Chinese computer scientist

Zhou Chaochen (周巢尘; born 1 November 1937) is a Chinese computer scientist.

Zhou was born in Nanhui, Shanghai, China. He studied as an undergraduate at the Department of Mathematics and Mechanics, Peking University (1954–1958) and as a postgraduate at the Institute of Computing Technology, Chinese Academy of Sciences (CAS) (1963–1967).

He worked at Peking University and CAS until his visit to the Oxford University Computing Laboratory (now the Oxford University Department of Computer Science) (1989–1992).
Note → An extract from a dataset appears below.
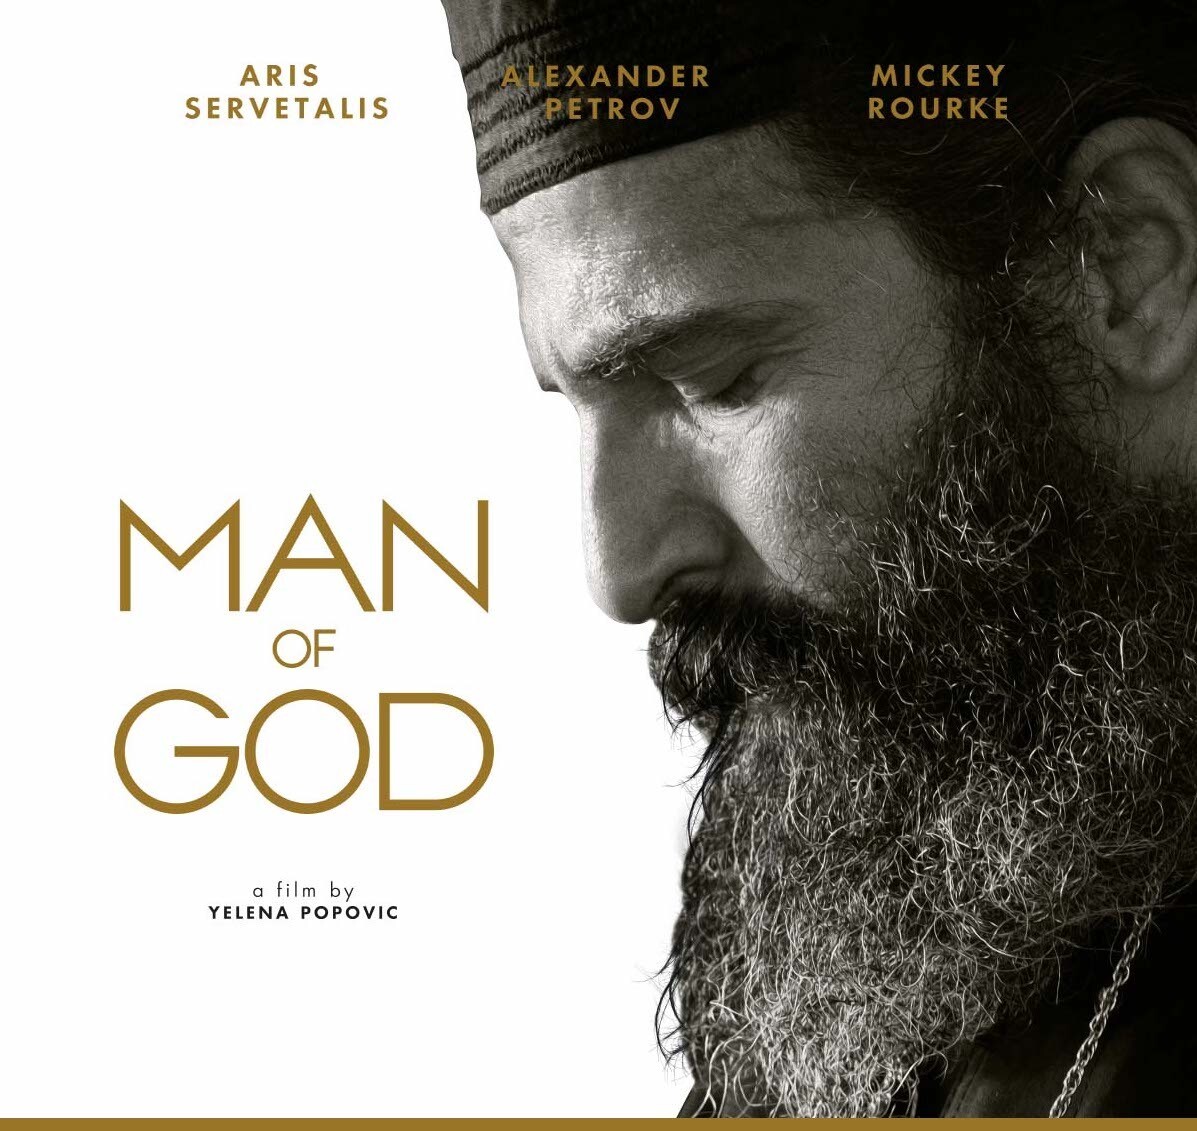 Ticket to 'Man of God' Private Screening - Sunday 29 May

During this time, he was the prime investigator of the duration calculus, an interval logic for real-time systems as part of the European ESPRIT ProCoS project on Provably Correct Systems.
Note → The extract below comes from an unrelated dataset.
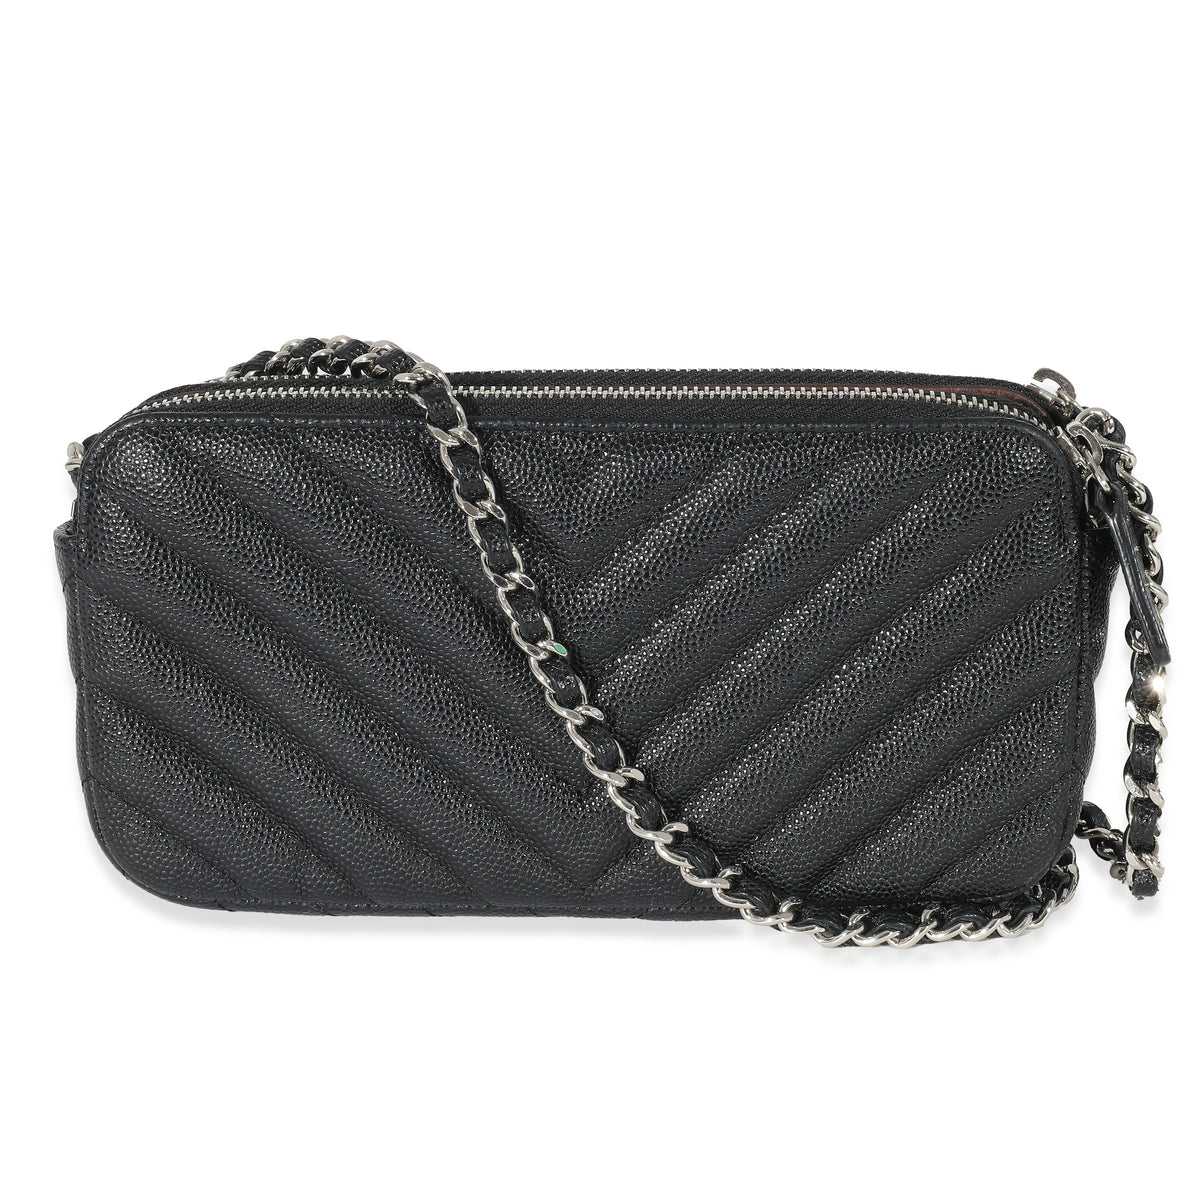 Chanel Beige/Black Quilted Calfskin Leather Gabrielle Clutch with

During the periods 1990–1992 and 1995–1996, Zhou Chaochen was a visiting professor at the Department of Computer Science, Technical University of Denmark, Lyngby, on the invitation of Professor Dines Bjørner. He was Principal Research Fellow (1992–1997) and later Director of UNU-IIST in Macau (1997–2002), until his retirement, when he returned to Beijing.

In 2007, Zhou and Dines Bjørner, the first Director of UNU-IIST, were honoured on the occasion of their 70th birthdays. Zhou is a member of the Chinese Academy of Sciences.

==Books==
- Zhou, Chaochen and Hansen, Michael R., Duration Calculus: A Formal Approach to Real-Time Systems. Springer-Verlag, Monographs in Theoretical Computer Science, An EATCS Series, 2003. ISBN 3-540-40823-1.